HONOLULU — State lawmakers this year passed several bills to boost government transparency and promote better lawmaker behavior. But their critics, and some lawmakers themselves, say they still have work to do, especially after a bribery scandal sullied the state Legislature.
“One would think that following on the heels of two guys going to jail that more would have been done,” said Gary Hooser, a former state senator from Kauai.
Former Senate Majority Leader J. Kalani English and former state Rep. Ty Cullen, both Democrats, pleaded guilty in February in connection with accepting bribes. They each face up to 20 years in prison when sentenced in July and October.
Among the bills lawmakers passed is a measure requiring state legislators and employees to complete ethics training within 90 days of taking office, and then again every four years.
They also appropriated funds for the attorney general’s office to hire more investigators to address public corruption and white collar crime.
Lawmakers approved legislation testing the use of ranked choice voting for special elections held to fill vacant federal and county council seats. Advocates say this voting method helps democracy because it pushes candidates to appeal to broader groups of voters. It’s already used in Alaska, Maine and New York City among other places.
Both Hooser and Sandy Ma, the executive director of the government watchdog group Common Cause Hawaii, lamented lawmakers’ failure to ban all campaign fundraising during the legislative session. Instead, lawmakers passed a narrower measure that would prohibit holding fundraisers.
Hooser said in his experience lawmakers raise most of their campaign funds not at fundraising events but by calling people and asking them for money.
“What makes it most egregious is a lot of the donors will have issues before the Legislature,” Hooser said. He cited big business executives or major landowners as examples.

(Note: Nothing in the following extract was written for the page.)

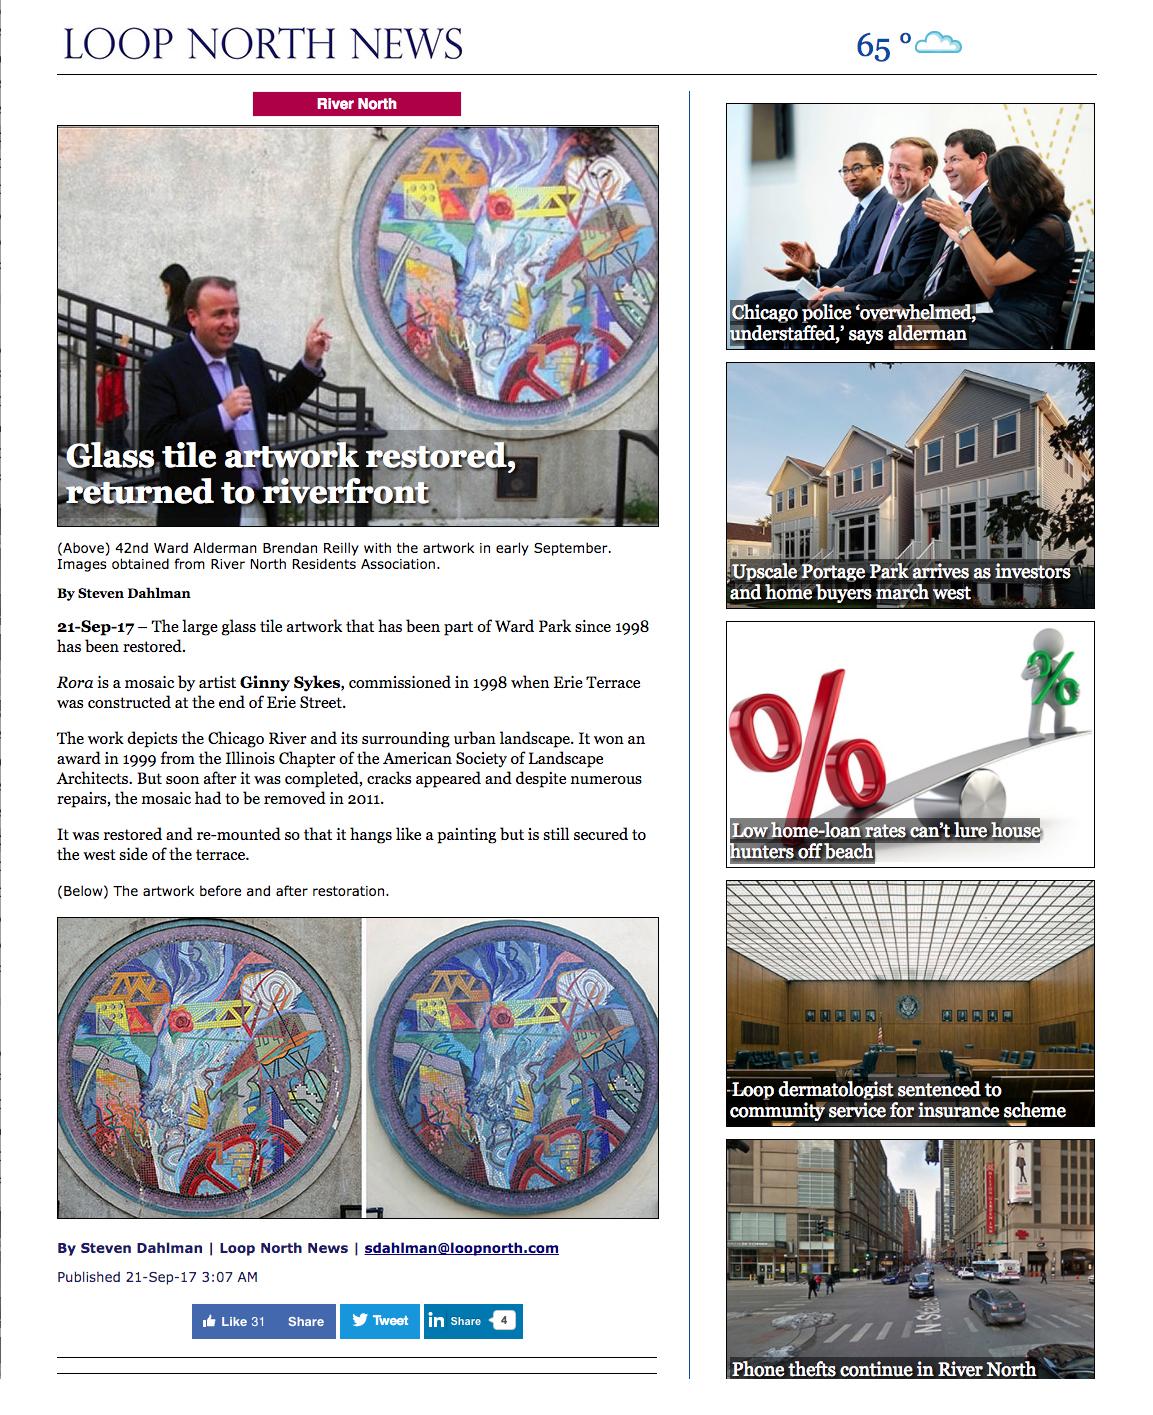 LoopNorthNews_mosaic_press.jpg

“And so when a legislator calls them and says, you know, I need your help raising money, can you help? The donor may feel, or often would feel, compelled to make a donation. And I believe that’s unethical. Even if it’s not a direct quid pro quo,” Hooser said.
House Speaker Scott Saiki, a Democrat, said he believes lawmakers should revisit the issue in the future.
Lawmakers passed another bill that aims to limit the influence of “dark money,” which refers to political campaign spending by groups that are allowed to raise unlimited sums and that aren’t required to reveal their donors.
The measure requires certain nonprofit organizations operating as noncandidate committees to disclose the names of people giving them more than $10,000.
Saiki said he worries significant donations less than $10,000 are being made to such organizations and so the reporting threshold should be lowered further.
“My fear is that the dark money is entering Hawaii politics and I don’t believe that it belongs there,” Saiki said.
Ma welcomed the legislation but said it should be strengthened in the future to cover all political spending organizations.
“If we want to shine a light on dark money spending, which we all do, especially Common Cause, we have to do it in a strategic way and cover everybody,” she said.
Gov. David Ige has until June 27 to decide whether to veto the measures, sign them or allow them to become law without his signature.
Saiki expects an independent panel he created after English and Cullen pleaded guilty to suggest additional reforms.
The Commission to Improve Standards of Conduct expects to meet every two weeks until Dec. 1 when it is due to submit a final report with recommendations to the state House of Representatives.
The panel’s seven members include Ma of Common Cause as well as a retired judge, a former federal prosecutor and a former Republican state representative.
“The members have nothing to lose by being independent and by speaking out. And that’s exactly what we need for a body like this. We want it to be independent. We want it to be forthright. We want it to be innovative,” Saiki said.